Friday, September 24, 2010

Beware the Cat's Paw

In Lindsey v. Walgreen Co., No. 10-1036 (7th Cir. August 11, 2010), the United States Court of Appeals for the Seventh Circuit rejected a former employee’s “cat’s paw” argument. The plaintiff, Katie Lindsey, was 53 years old when she sued her former employer under the Age Discrimination in Employment Act ("ADEA"). A few years after she began her employment with the drug store chain Walgreens, Ms. Lindsey was promoted from staff pharmacist to pharmacy manager by her district pharmacy supervisor. Before long, Walgreens received complaints from Ms. Lindsey’s co-workers, and the same district pharmacy supervisor determined that Ms. Lindsey was not fit to continue in a managerial position (in part because she allegedly was not following pharmacy procedures). The district pharmacy supervisor demoted Ms. Lindsey back to a staff pharmacist position, transferred her to another store, and warned her that she would be fired the next time she failed to follow pharmacy procedures. The district pharmacy supervisor later determined that Ms. Lindsey had once again violated company policy and ultimately terminated her employment.

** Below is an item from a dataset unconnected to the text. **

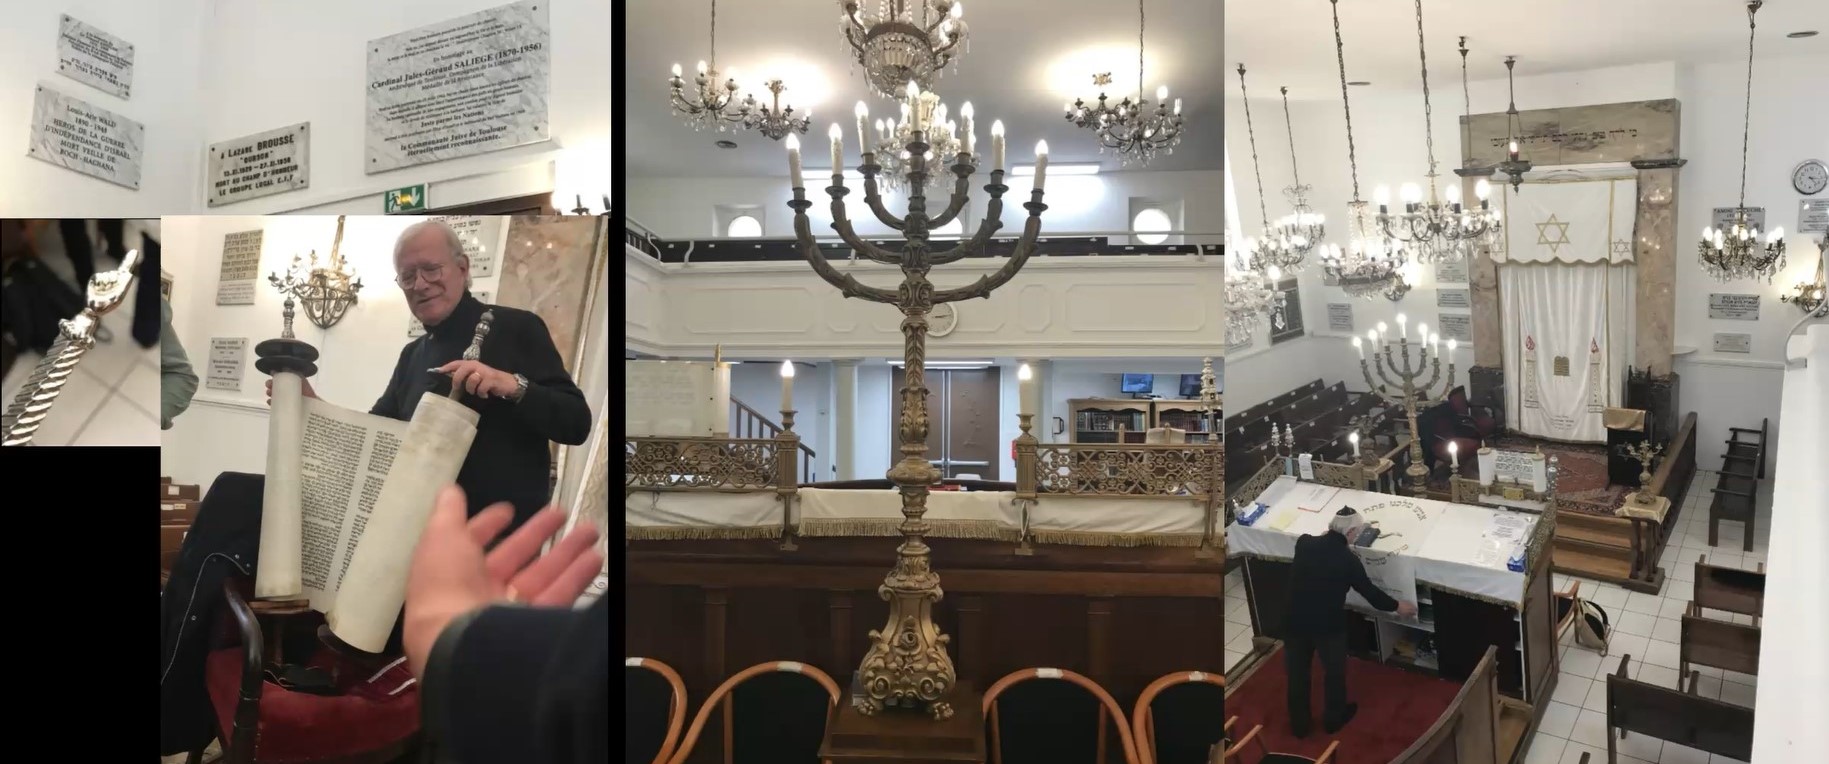 RESSOURCES/Synagogue Palaprat

After filing suit in federal court, Ms. Lindsey alleged several theories of discrimination, including the "cat’s paw" theory, a phrase used in the employment law world that refers to an allegedly unbiased decision-maker who is used as a proxy for an allegedly biased manager/employee. Ms. Lindsey argued that the district pharmacy supervisor was a cat’s paw for a co-worker, who she claimed disliked her because of her age. Ms. Lindsey insisted that the district pharmacy manager decided to fire her after “blindly relying” on biased information from the co-worker. Ms. Lindsey alleged that her new co-workers (after she had been transferred) called her “lazy” and “slow” and questioned why Walgreens exiled “old,” “demoted” pharmacists to their store. She also alleged that the biased co-worker made disparaging remarks about her age and abilities. The court rejected Ms. Lindsey’s argument because it determined that Walgreens employer had adequately demonstrated that its employment decision was based on an independent evaluation/review and was not tainted by any alleged bias.